Tenunan tradisional dan tenunan yang memiliki nilai ekonomis
Tradisi menenun bagi pengikut kepercayaan kuno Jingi tiu (Tenunan bermuatan kekuatan magis) | Tenunan sebagai komoditas (memiliki nilai ekonomi) |
1. Peraturan ketat mendominasi komposisi tenunan | 1. Pelanggaran peraturan tidak dihiraukan oleh para penenun. Sarung (èi worapi) dan selimut (hi’i worapi)yang dihasilkan adalah tekstil netral |
2. Kapas ditanam sendiri oleh sang penenun yang sepanjang tahun membuat benang. | 2. Benang katun komersial/benang toko. Katun yang dipilin sendiri hanya untuk pesanan khusus. |
3. Pewarna alamiah dihasilkan pada kurun waktu tertentu. Proses pewarna indigo memakan waktu satu minggu, proses pewarna mengkudu memakan waktu satu bulan.Mengikuti ritual dengan memberikan persembahan kepada empat nenek moyang yang menjaga proses pewarnaan. | 3. Sepanjang tahun memakai bahan pewarna kimia; proses pewarnaan hanya memakan waktu satu hari.Pewarna alam hanya dipakai atas permintaan khusus.Tidak perlu ada upacara ritual |
4. Musim menenun berlangsung dari bulan April hingga Oktober, disertai upacara dan persembahan kepada nenek moyang yang berperan dalam seluruh proses menenun. | 4. Menenun sepanjang tahun. Kaum laki-laki menenun juga bila upahnya lebih baik dari pekerjaan seorang petani (mis.: menapis air pohon lontar) |
5. Menenun dengan alat tenun gedogan. | 5. Semua pekerjaan menenun dilakukan dengan alat tenun gedogan. |
6. Hanya menenun motif tertentu. Semua motif mengandung makna, cerita (atau sejarah); motif memiliki arti kepahlawanan yang signifikan. | 6. Tidak ada motif yang dilarang. Penenun dapat menenun semua jenis motif, motif tradisional garis keturunan ibu atau motif garis keturunan orang lain; motif yang asalnya dari luar dan kreasi baru dimungkinkan. |
7. Penenun harus memelihara seekor ayam yang tabu (manu pehami), yang dipercayakan dapat melindungi setiap langkah dalam proses menenun. | 7. Tidak mengenal pemeliharaan ayam tabu.Tidak ada larangan atau pemali sama sekali. |
8. Tenunan yang khusus ditenun di rumah adat (tegida) dari keturunan garis ibu (hubi, wini). Pengetahuan diturunkan dan diajarkan di dalam kelompok. | 8. Semua pekerjaan menenun hanya dilakukan di rumah, sebagai tugas individual. Tidak ada pengetahuan yang diturunkan. |
9. Hanya warna tertentu yang boleh ditenun; untuk membuat rumbai ada ketentuan tersendiri | 9. Semua warna boleh dipakai, tidak ada peraturan khusus untuk membuat rumbai. |
10. Tenunan dipakai pada upacara, dan dipersembahkan pada waktu upacara kematian | 10. Tenunan jenis worapi dan bahan tenun yang dijahit menjadi baju dan dipakai untuk kantor dan gereja.
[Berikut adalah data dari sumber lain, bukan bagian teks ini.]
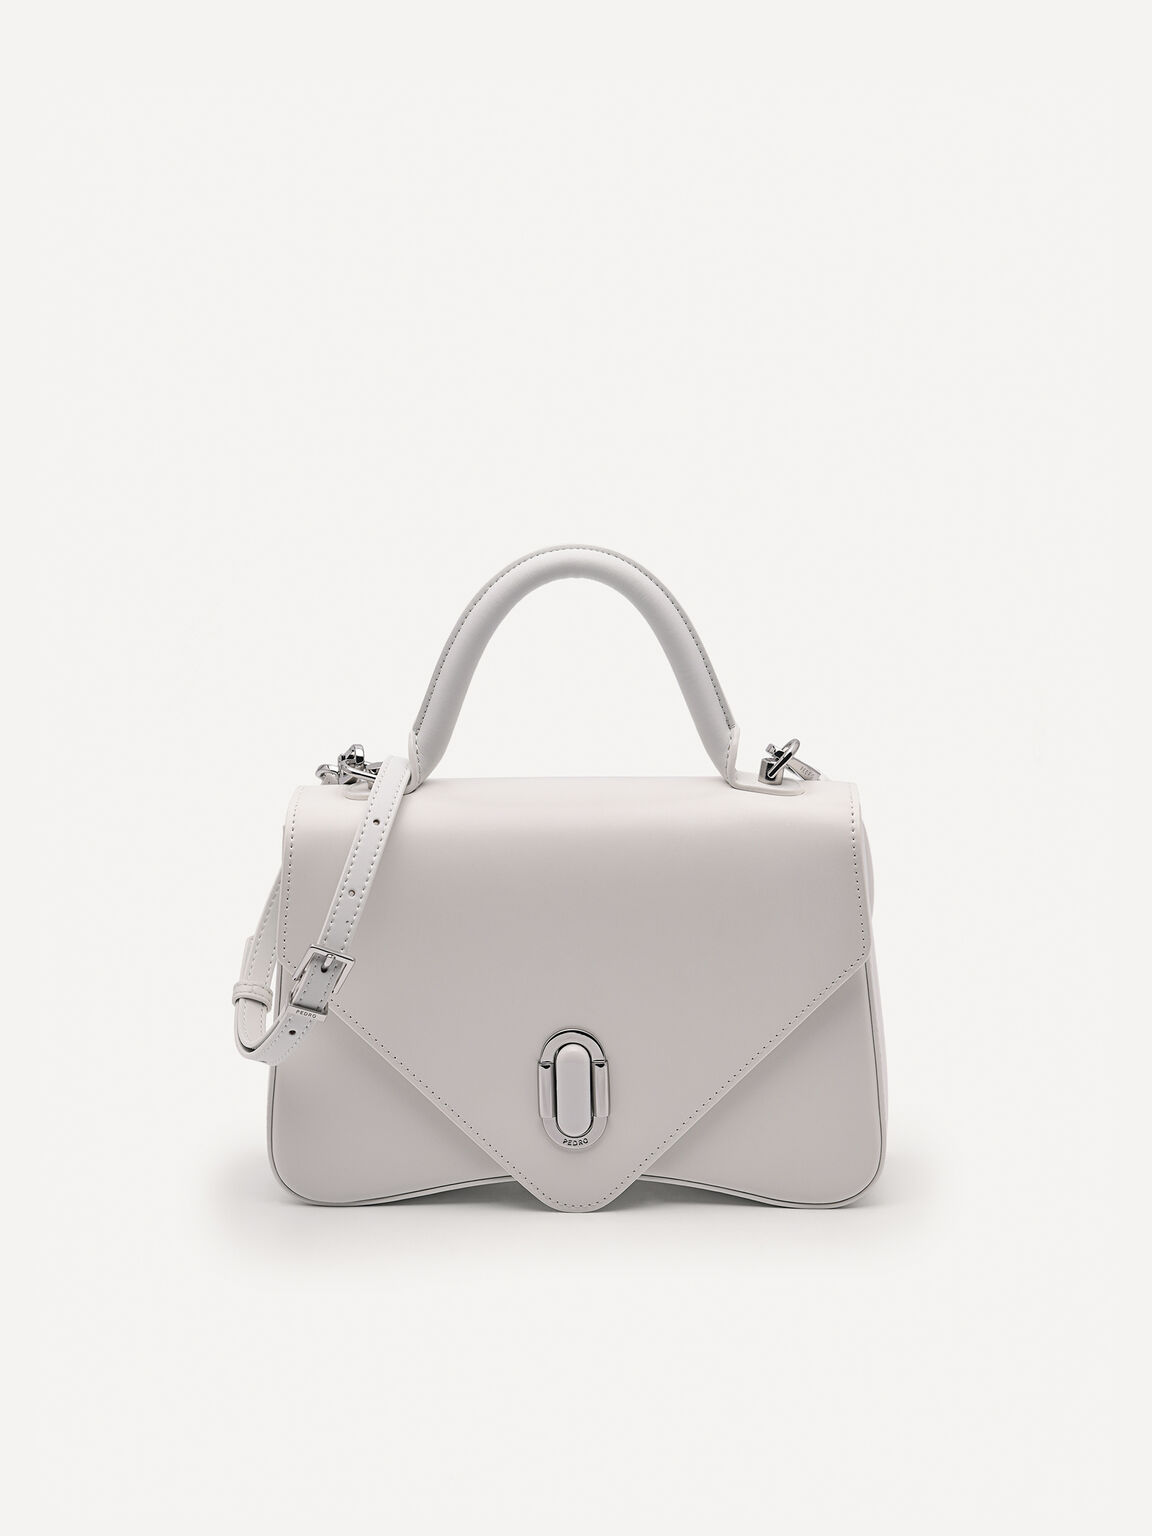 Zenith Leather Handbag, White

Tekstil dipersembahkan pada upacara kematian. |
11. Dibutuhkan satu setengah tahun untuk menghasilkan sehelai tenunan | 11. Untuk menghasilkan satu helai tenunan diperlukan satu hingga dua bulan |
12. Motivasi penenun adalah keyakinan atau kepercayaannya. | 12. Motivasi penenun adalah uang. |
Dewasa ini, sulit untuk memperoleh tenunan Sabu yang terbuat dari bahan kapas yang dipilin tangan dan benang yang dicelup pewarna alami. Bersyukurlah sebuah lembaga swadaya masyarakat Threads of Life (‘Yayasan Pecinta Bebali’) yang juga melaksanakan “Fair Trade”, memulai sebuah program pada tahun 2006 di dua kampung dalam usaha untuk melestarikan tenunan tradisional Sabu dan menjamin kelanjutan produksi menggunakan pewarna alami. Salah satu kelompok penenun ada di daerah Seba, dan yang lain ada di Pedèro, Mesara. Untuk melindungi lingkungan hidup, para penenun telah mulai menanam kembali pohon-pohon mengkudu yang akarnya diperlukan untuk memperoleh warna merah.
Kiri: celup indigo; Tengah: celup mengkudu (warna merah); Kanan: benang yang sudah diberi warna, dibuka.